J. Le Dividich is a researcher with the Swine Breeding Research Station at the National Centre for Zootechnical Research (CNRZ) of the National Institute for Agricultural Research (INRA) in Jouy-en-Josas, France.

F. Geoffroy and I. Canope are researchers at the INRA Zootechnical Research Station in Antilles-Guyane, Petit-Bourg, Guadeloupe.

M. Chenost is an Animal Nutrition Officer with the Animal Production and Health Division of FAO in Rome, Italy

While direct feeding of sugarcane to cattle is now well established (Leng and Preston, 1976), the feeding of bananas, another important tropical crop in terms of volume and energy value, has been relatively neglected. This is largely because bananas are principally a human food, but is also partly attributable to the fact that their value as animal feed has not been adequately considered (Chenost et al., 1969; FAO, 1969).

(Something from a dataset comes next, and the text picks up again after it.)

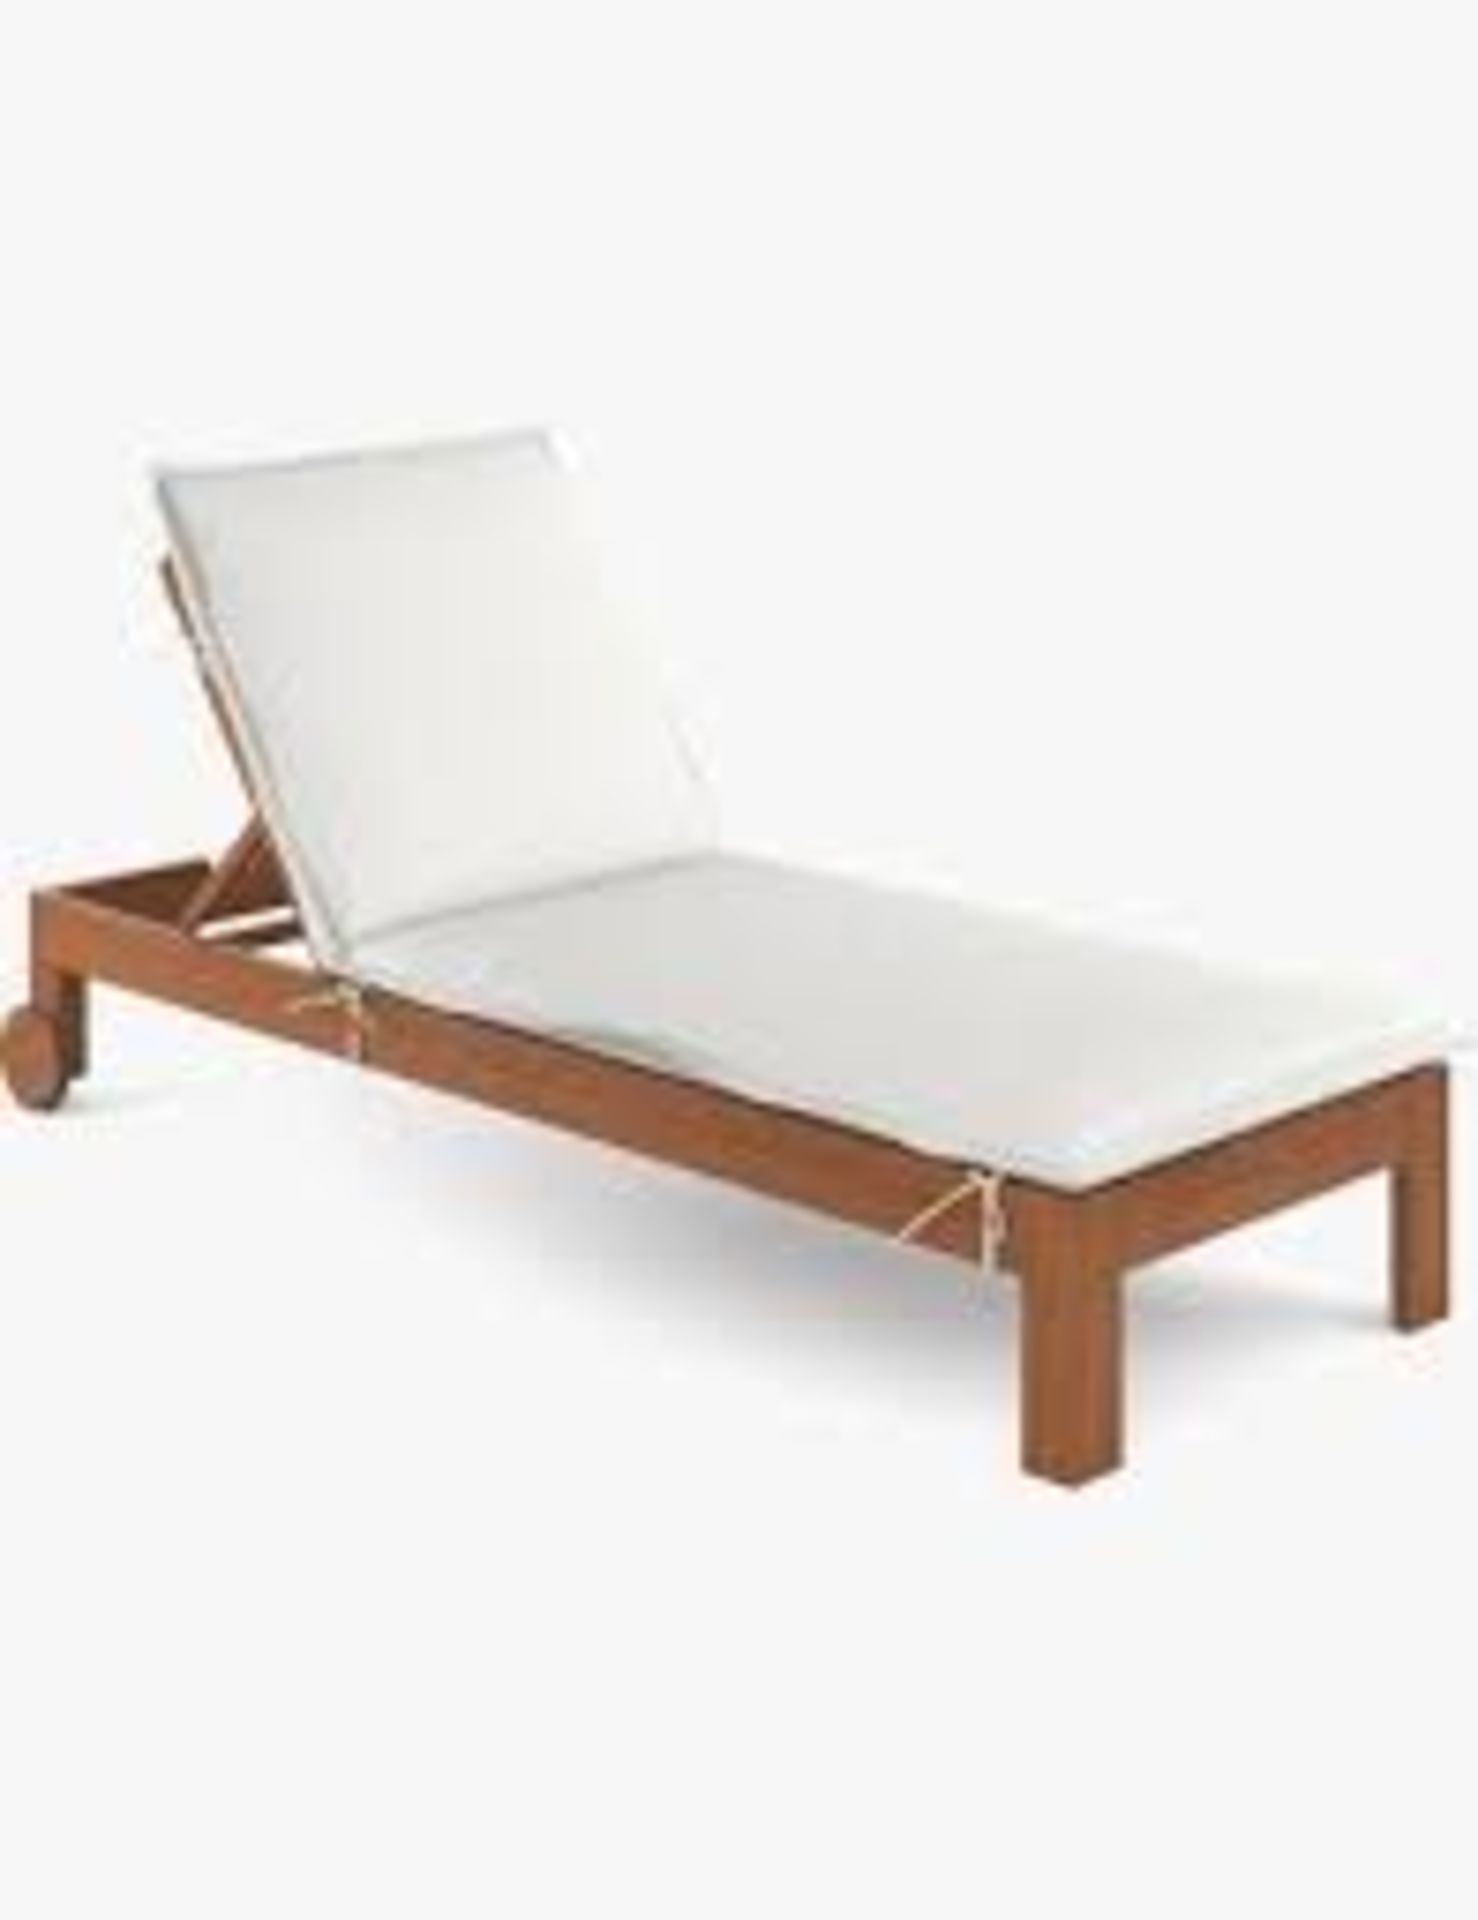 PALLET TO CONTAIN 5 X BRAND NEW JOHN LEWIS Cove Garden Sun Lounger, FSC-Certified (Eucalyptus Wood), - Image 2 of 2

It is relevant to note in this context that according to the Institut français de recherches fruitières d'Outre-Mer (IFAC), for every ton of bananas packed and exported to the fruit markets of the world, about 750 kg are rejected as being either unsuitable or in excess of requirements. This discarded fruit represents 10 to 20 percent of the total crop, the variation depending on how culling is done during packing (which depends on the market), and the amount of fruit that is rendered unusable by fortuitous circumstances such as gales and hurricanes.

Of the 36 million-ton world banana production (FAO, 1975), it may be estimated that 7 to 10 million tons per year (20 to 30 Percent) could be recovered as animal feed. But of this, a substantial quantity is either used in a haphazard way or lost to the animal industry.

The purpose of this article is to review what is currently known about the use of waste bananas as animal feed and to consider areas of study warranting further attention.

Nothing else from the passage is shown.